This has to be one of the weirdest bugs I’ve ever had to track down and fix. Check out this stack trace:

Yes, that’s right, a call to the default Hashtable constructor is throwing an ArgumentOutOfRangeException with a message of “Load factor needs to be between 0.1 and 1.0.”. Where do you even begin with that one?
To make it particularly baffling this error just started occurring without the software being upgraded. The initial thoughts were a virus messing up the system, or a virus scanner causing issues. However there was no virus scanner operating (the machine is on a secure network and shouldn’t really need one…. yea, I know…) and there didn’t appear to be any virus. maybe the hardware had started to fail? A memory issue perhaps? But then it started happening elsewhere too. Upgrading the .Net runtime didn’t seem to help, and in fact some of the machines already had the latest runtime – which should have raised a flag actually, these machines are servers in a server room and run only our software. We don’t upgrade them without upgrading our software as well so some of these machines were being upgraded with the latest patches without us realising. To be fair our first response when we find an issue is “upgrade to the latest runtime and install all patches” so it is to be expected. The point is though, the runtime was upgraded but our software wasn’t. This shouldn’t be a problem but it was…

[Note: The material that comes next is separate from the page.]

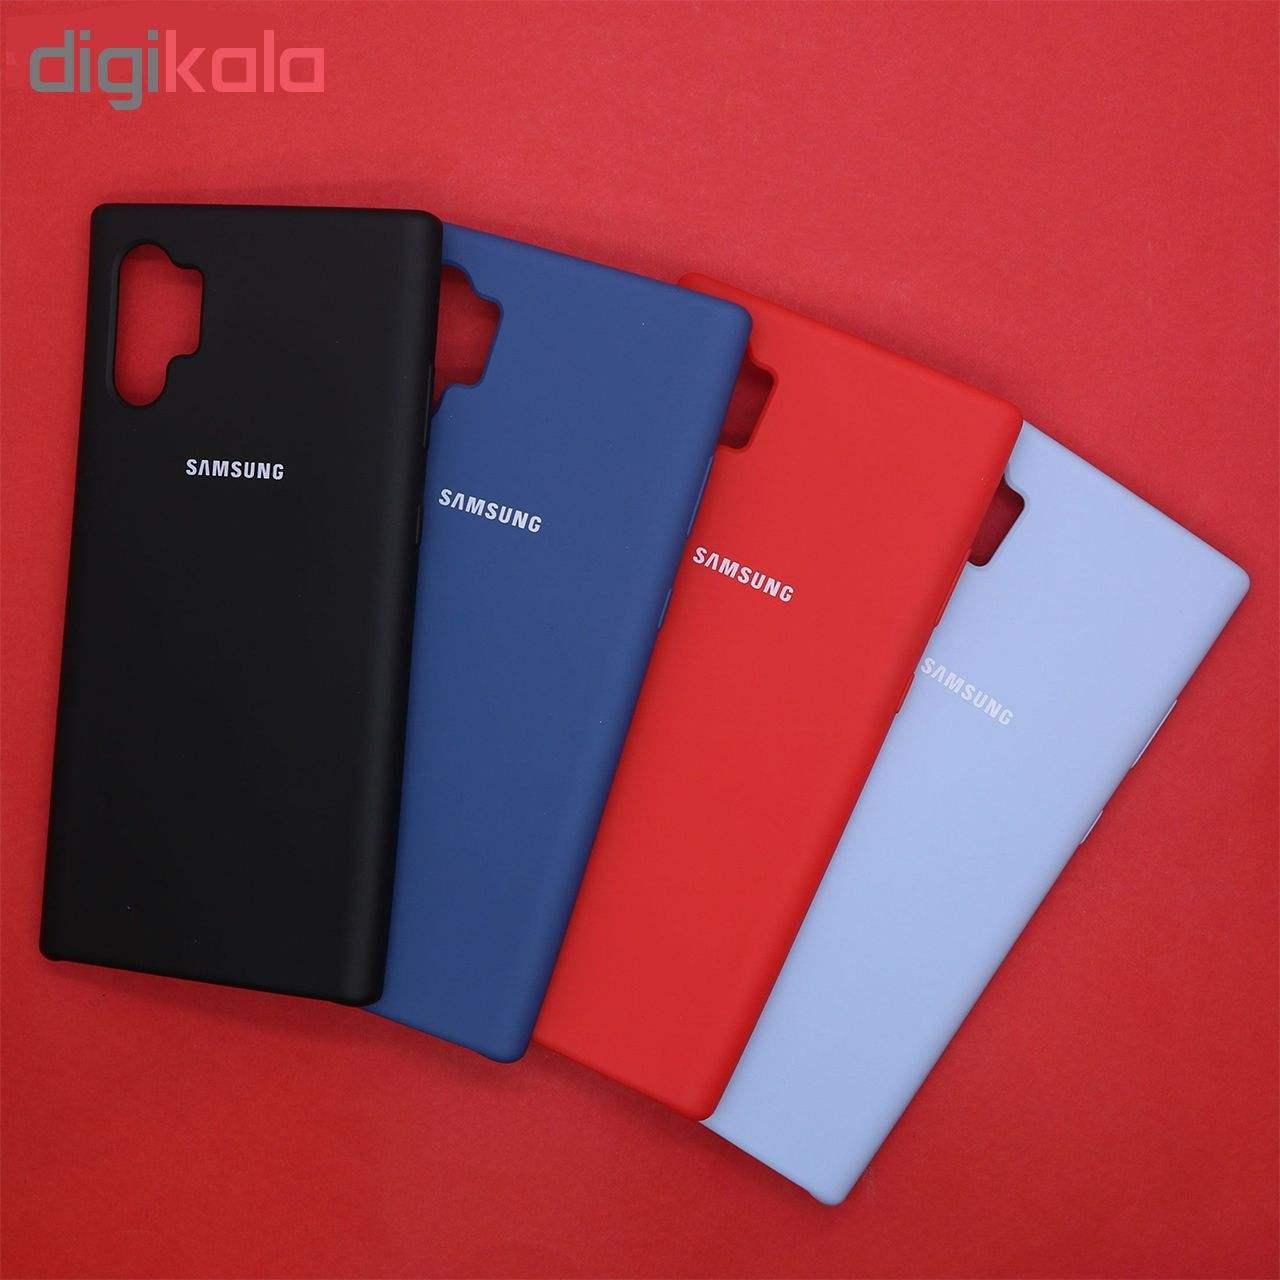 کاور مدل Sc-001 مناسب برای گوشی موبایل سامسونگ Galaxy Note 10 Plus main 1 2
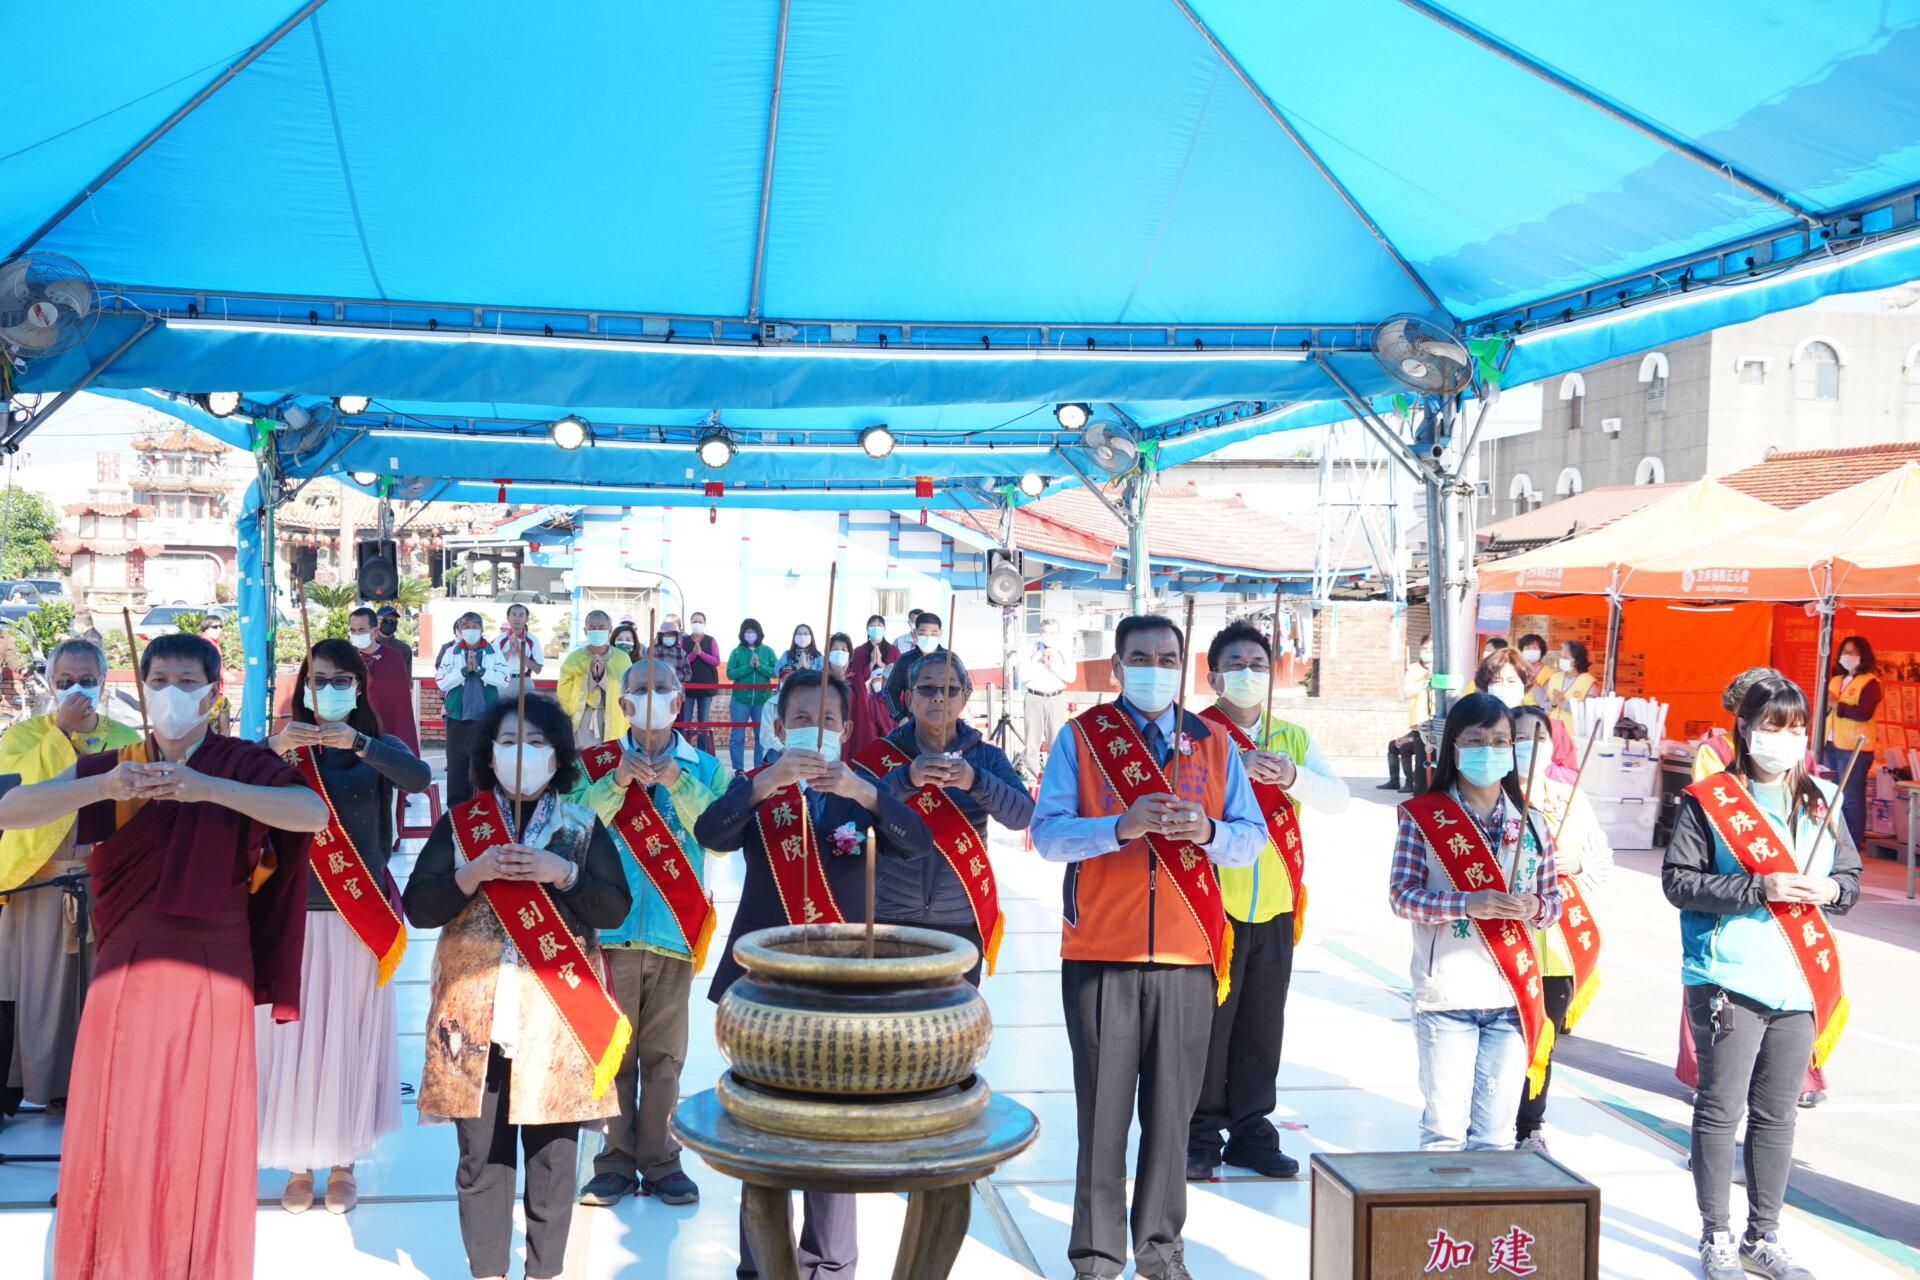 行動佛殿116站台南後壁,本會師兄帶領貴賓上香祈福

There is a bit of a clue to what is going on here – although we are calling the default constructor the framework is calling an overloaded constructor that takes 2 arguments, the first being an initial capacity and the second being a floating point value for the load factor for the hashtable (which has to do with the likelihood of there being collisions between unique hashes). That floating point is going to be important in a moment…
Checking with Reflector we can see that calling the default constructor calls the second constructor with a hardwired value of 1f:

Can’t see a problem there. Just to make sure I’m not barking mad, what does reflector say this constructor does?
public Hashtable(int capacity, float loadFactor)
{
if (capacity < 0)
{
throw new ArgumentOutOfRangeException("capacity", .....
}
if ((loadFactor < 0.1f) || (loadFactor > 1f))
{
throw new ArgumentOutOfRangeException("loadFactor", .......
}
this.loadFactor = 0.72f * loadFactor;
......
}
Clearly, 1 is not greater than 1 – so what on earth is going on? It would seem the computer has forgotten how to do floating point maths…. This is the point where I have to mention that we are calling into a delphi dll in this project using P/Invoke. Delphi is well known for messing about with the floating point control register. A problem with one being greater than one you say? Delphi you say? hmm….
Time to break out the debugger of last resort and find out what’s going on. It’s WinDbg time.
I managed to get a reproduction at will by creating a thread that sat in a tight loop doing nothing other than new Hashtable(). After a couple of minutes this would cause the exception I was looking for so at least I didn’t have to rely on clients generating a dump file for me. I’m creating a dump file here instead of just attaching the windbg debugger because it’s simply easier. I can load the dump file whenever I like and don’t need to leave the system running in between debugging sessions.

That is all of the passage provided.